Opening an account is a delicate operation. It is therefore always possible to do so via a screen company (a fictitious company to cover transactions) or by creating a legal entity or a foundation managed by an agent on behalf of an unknown beneficiary.

Alternatively, there is a suitcase full of tickets! But be careful the banker could laugh you in the nose if this suitcase contains only 100 000 €!

Who are the beneficiaries?

They use:

  • the banks ;
  • large companies (Google would own a company in Bermuda);
  • hedge funds;
  • corrupt political elites;
  • the well-to-do social classes;
  • and sometimes “ordinary people” (ex: Greek villagers from the middle classes in 2011).

But it is also the case of criminals who, thanks to the guarantee of bank secrecy, can launder corrupt money in all quietude.

Good to know: the champions of tax optimization remain the multinational companies.

How to fight effectively?

Tax evasion is a major economic scourge because of all states, whether rich or poor, suffer.
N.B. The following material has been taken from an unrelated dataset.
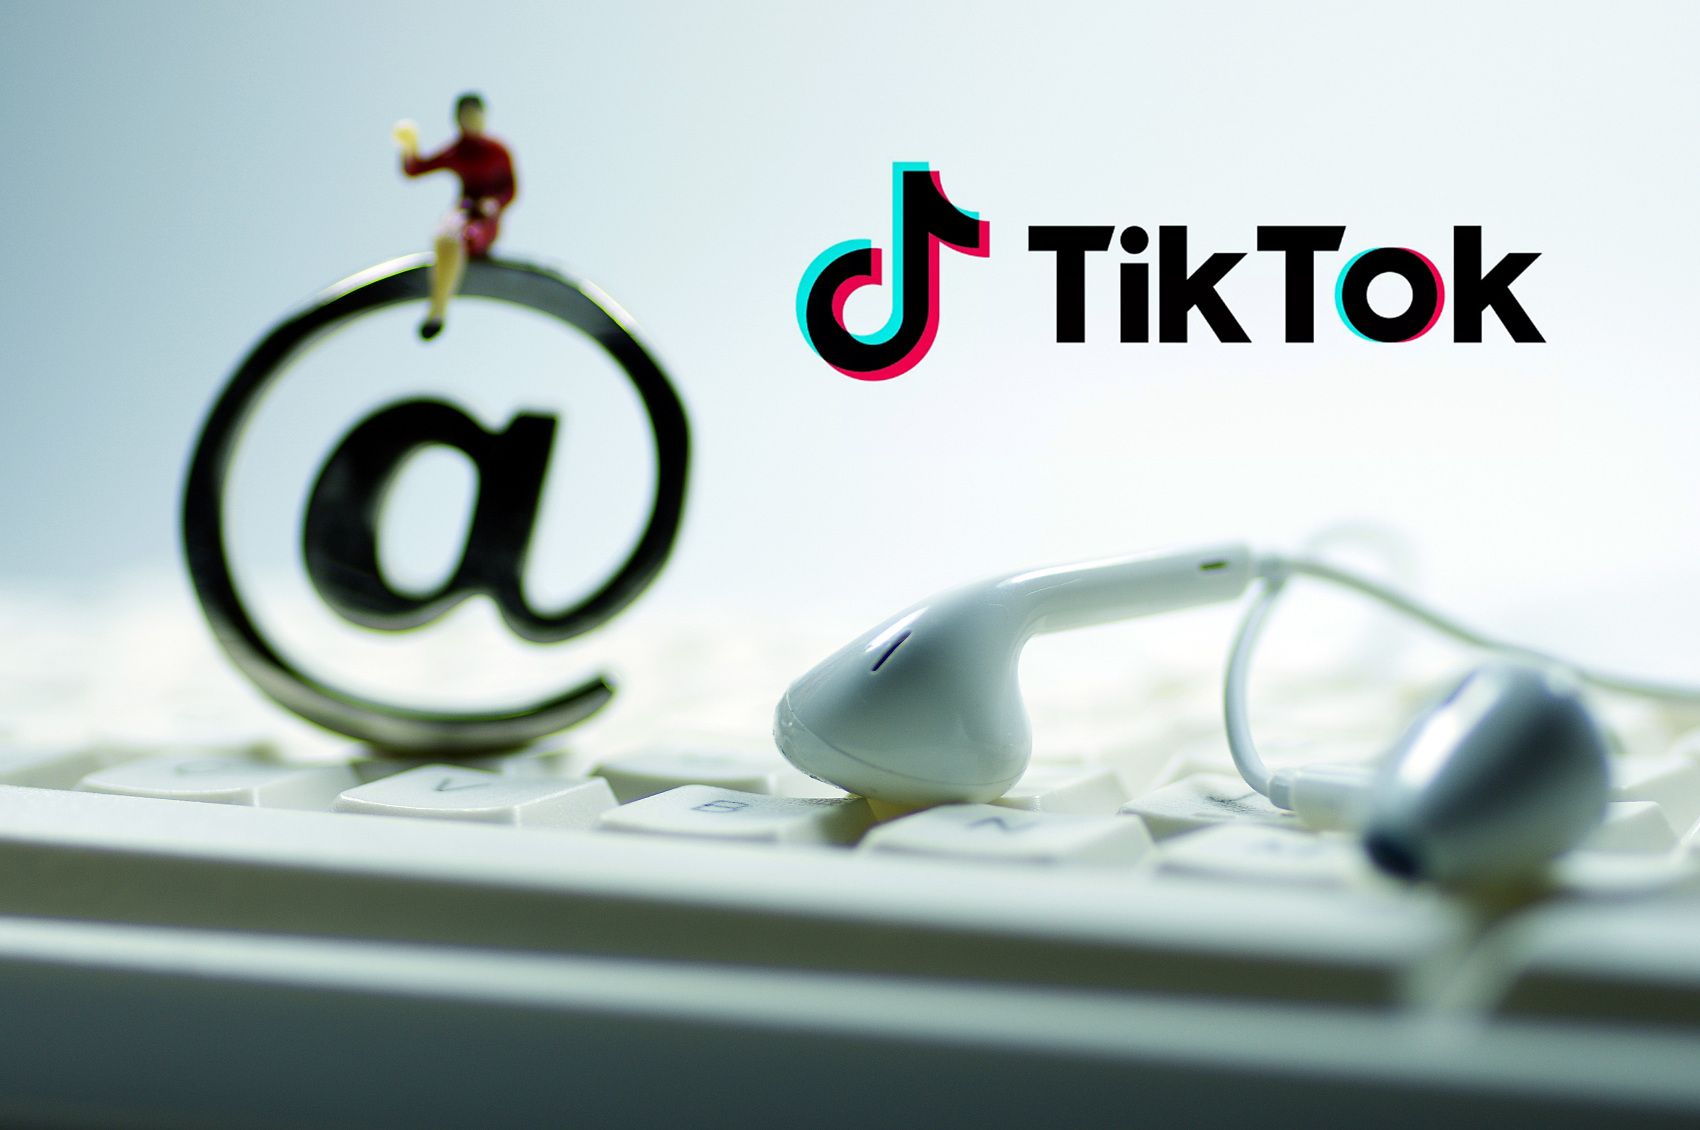 CIA: 'No evidence' showing China has intercepted data from TikTok

The idea of the G20 was to force tax havens to sign treaties for the exchange of tax information with countries around the world but concretely that has not changed anything. Why? Perhaps because most G20 members have one or more tax havens on their territory!

For the time being, the OECD, mandated by the G20, is working on an action plan designed to tighten state tax laws and should be implemented by 2015. What to do.